我可以继续寻找图书馆并尝试它们,但我希望有人已经为此提供了有效的解决方案。
Update:Based on Steven's answer I looked into pdfminer and it did the trick nicely.
更新:根据史蒂文的回答,我查看了 pdfminer,它很好地解决了这个问题。
from argparse import ArgumentParser
import pickle
import pprint
from pdfminer.pdfparser import PDFParser, PDFDocument
from pdfminer.pdftypes import resolve1, PDFObjRef
def load_form(filename):
"""Load pdf form contents into a nested list of name/value tuples"""
with open(filename, 'rb') as file:
parser = PDFParser(file)
doc = PDFDocument()
parser.set_document(doc)
doc.set_parser(parser)
doc.initialize()
return [load_fields(resolve1(f)) for f in
resolve1(doc.catalog['AcroForm'])['Fields']]
def load_fields(field):
"""Recursively load form fields"""
form = field.get('Kids', None)
if form:
return [load_fields(resolve1(f)) for f in form]
else:
# Some field types, like signatures, need extra resolving
return (field.get('T').decode('utf-16'), resolve1(field.get('V')))
def parse_cli():
"""Load command line arguments"""
parser = ArgumentParser(description='Dump the form contents of a PDF.')
parser.add_argument('file', metavar='pdf_form',
help='PDF Form to dump the contents of')
parser.add_argument('-o', '--out', help='Write output to file',
default=None, metavar='FILE')
parser.add_argument('-p', '--pickle', action='store_true', default=False,
help='Format output for python consumption')

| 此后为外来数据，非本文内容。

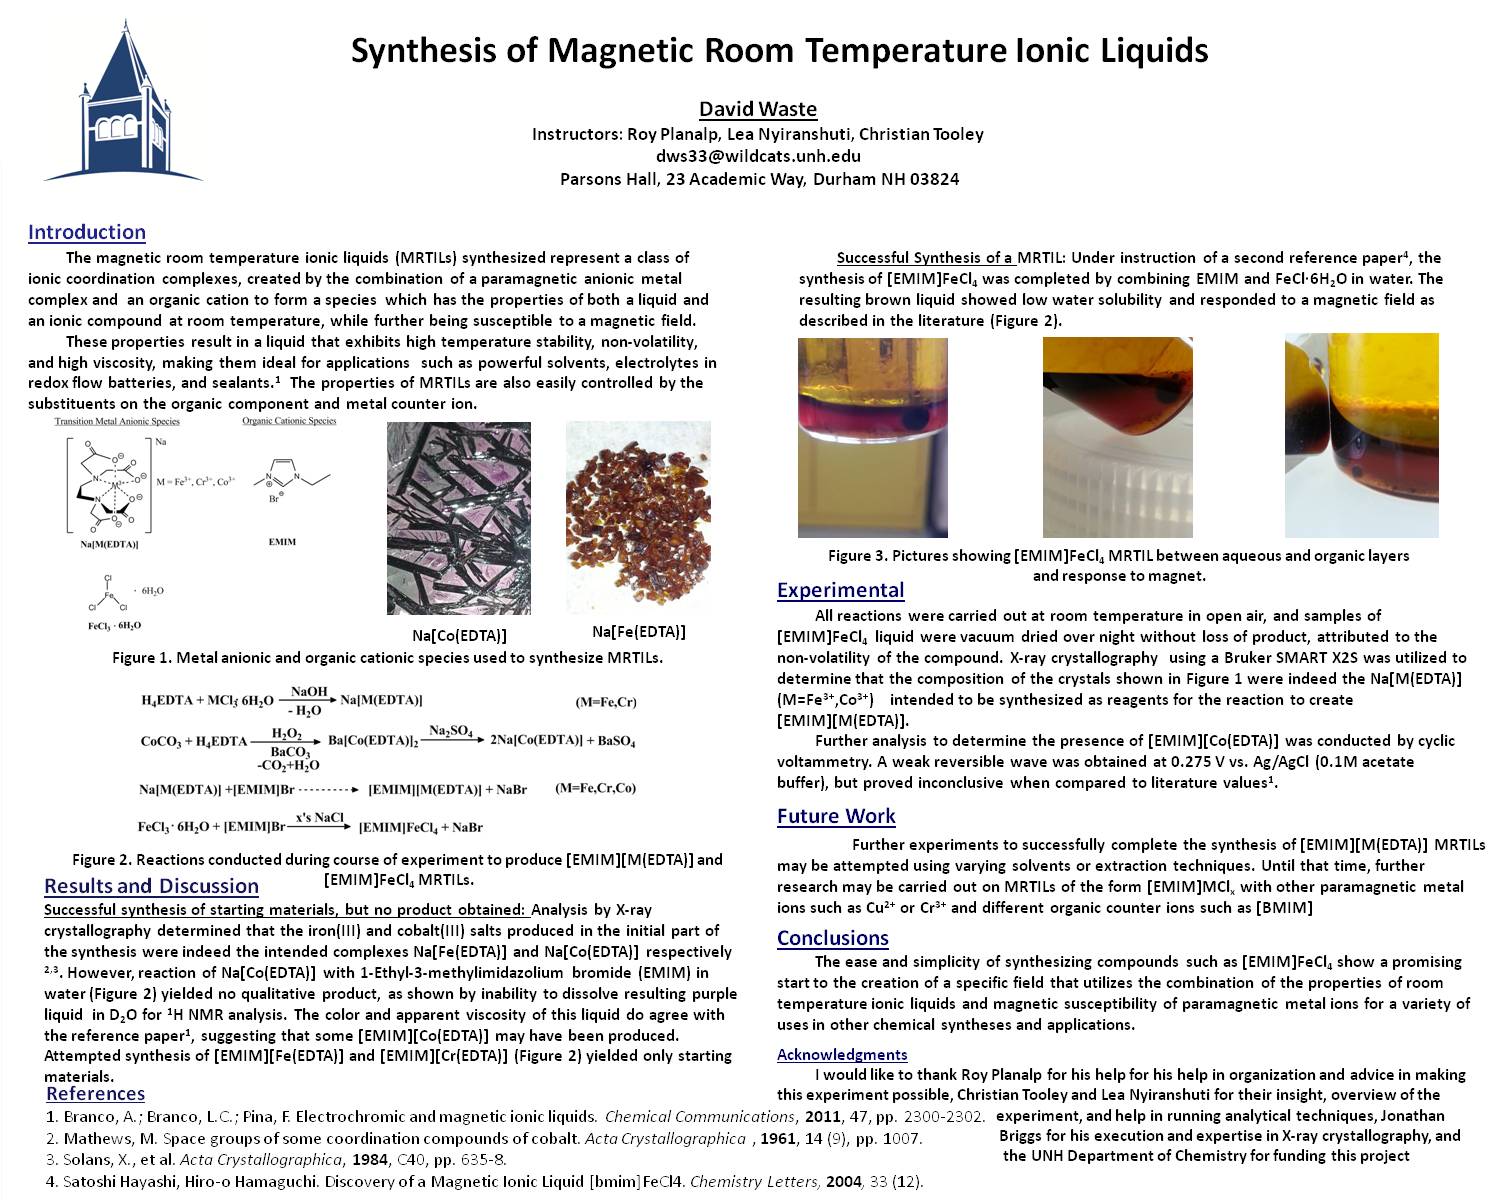 Magnetic Room Temperature Ionic Liquids by dws33

return parser.parse_args()
def main():
args = parse_cli()
form = load_form(args.file)
if args.out:
with open(args.out, 'w') as outfile:
if args.pickle:
pickle.dump(form, outfile)
else:
pp = pprint.PrettyPrinter(indent=2)
file.write(pp.pformat(form))
else:
if args.pickle:
print pickle.dumps(form)
else:
pp = pprint.PrettyPrinter(indent=2)
pp.pprint(form)
if __name__ == '__main__':
main()
采纳答案by Steven
You should be able to do it with pdfminer, but it will require some delving into the internals of pdfminer and some knowledge about the pdf format (wrt forms of course, but also about pdf's internal structures like "dictionaries" and "indirect objects").
你应该可以用pdfminer 来做,但它需要深入研究 pdfminer 的内部结构和一些关于 pdf 格式的知识(当然是 wrt 形式,但也需要关于 pdf 的内部结构,如“字典”和“间接对象”) .
This example might help you on your way (I think it will work only on simple cases, with no nested fields etc...)
这个例子可能对你有所帮助(我认为它只适用于简单的情况,没有嵌套字段等......)
import sys
from pdfminer.pdfparser import PDFParser
from pdfminer.pdfdocument import PDFDocument
from pdfminer.pdftypes import resolve1
filename = sys.argv[1]
fp = open(filename, 'rb')
parser = PDFParser(fp)
doc = PDFDocument(parser)
fields = resolve1(doc.catalog['AcroForm'])['Fields']
for i in fields:
field = resolve1(i)
name, value = field.get('T'), field.get('V')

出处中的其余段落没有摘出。